Этот блатной пролежал еще несколько дней в нашей палате, придя в себя, но ни с кем не разговаривая; проходя мимо, я заметил в его взгляде ненависть — не скажу звериную, потому что я пришел к сорока годам к мысли, что самый опасный зверь — это человек. Скоро его перенесли в ту комнату, где лежал я, — туда, «откуда нет возврата».

Самое страшное впечатление производили раковые больные. Один из них — скелет, обтянутый сизой кожей, — начинал кричать, как только кончалось действие морфия. Он был при мне актирован, то есть освобожден от наказания в связи с тяжелой болезнью, актируют только безнадежных больных по принципу «Умри в любой дыре, но не у нас во дворе», для лучшей статистики смертей в системе МВД. Как сказал врач, жить ему оставалось меньше месяца. Другого больного всего полмесяца назад выписали как здорового, а он, хватаясь за кровати, когда его выволакивали контролеры, кричал: «Бляди, что вы делаете, у меня рак, я умираю от рака!» Вскоре он снова попал к нам, и аутопсия подтвердила, что у него рак. Он был в ссоре со всеми, блатные ненавидели его за то, что у него лежал в тумбочке кусок увядшего сала, которое он сам не мог есть, но никому не давал, а на меня он окрысился, когда я сказал, что он со временем выздоровеет: попытка умалить его болезнь привела его в ярость.

Он был полковник авиации в отставке и сел на три года за «хулиганство»: когда от него ушла жена, топором порубил нею мебель у себя в комнате.

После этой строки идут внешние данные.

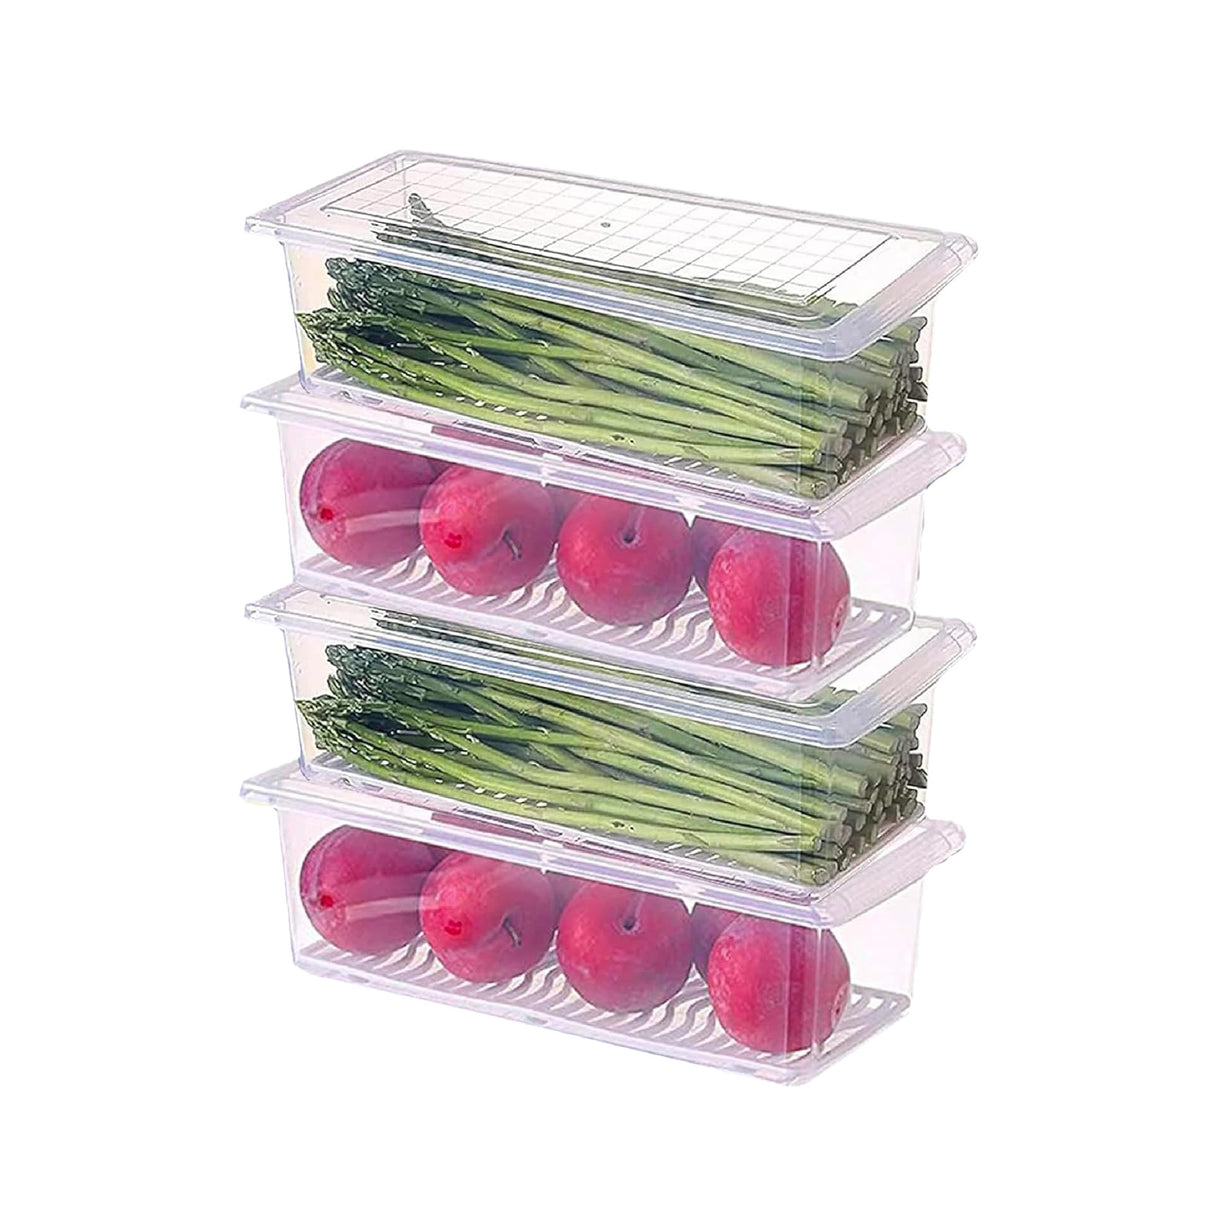 Fridge storage box for fruits and vegetables

Кроме полковника, у нас был «сын полковника». За годы заключения, особенно на этапах, я повидал немало «сыновей» полковников, прокуроров, генералов, адмиралов, секретарей обкомов и других высокопоставленных лиц, а если уж какой-нибудь бродяга никак не мог выдать себя за «сына полковника», то говорил, что на воле сам был майором. Но Коля Устинов, судя по всем его замашкам, был не с «улицы». Из своих пятидесяти лет просидел он в общей сложности более половины, в основном за кражи, сохранив необычайную веселость духа. «Я иногда тосковал на воле по лагерю, — рассказывал он, — хотелось снова в эту жизнь окунуться, побазарить на этом языке». Нет места пересказывать его многочисленные истории, половину которых он привирал, — печальный недостаток, роднящий его с генералом Иволгиным, который рассказывал князю Мышкину, что похоронил свою ногу на Ваганьковском кладбище и поставил надгробие с надписью «Покойся, милый прах, до радостного утра».[8] Но его приговор по последнему делу я сам читал: пьяный, он забрел в Польшу, зашел в расположение советской воинской части, вытащил на кухне из котла все суповое мясо и съел его, распив бутылку водки с поваром, — получил он три года за «нелегальный переход границы». Каждый день один-два раза с ним случался эпилептический припадок, эпилептика провоцирует резкий крик, стук, выстрел, не говоря уже о том, что припадок одного сразу же вызывает припадок другого. В сталинские годы, чтобы не возиться с заключенными эпилептиками поодиночке, кто-то додумался собрать всех в один лагерь: Устинов до сих пор с ужасом вспоминает этот припадочный лагерь.

вернуться

8

В действительности генерал Иволгин жаловался князю Мышкину, что это Лебедев рассказывал генералу про свою ногу в насмешку над его, генерала, достоверной историей, как он был пажом у Наполеона и посоветовал ему покинуть Москву. (Примечание для тех, кто не читал «Идиота» Достоевского.)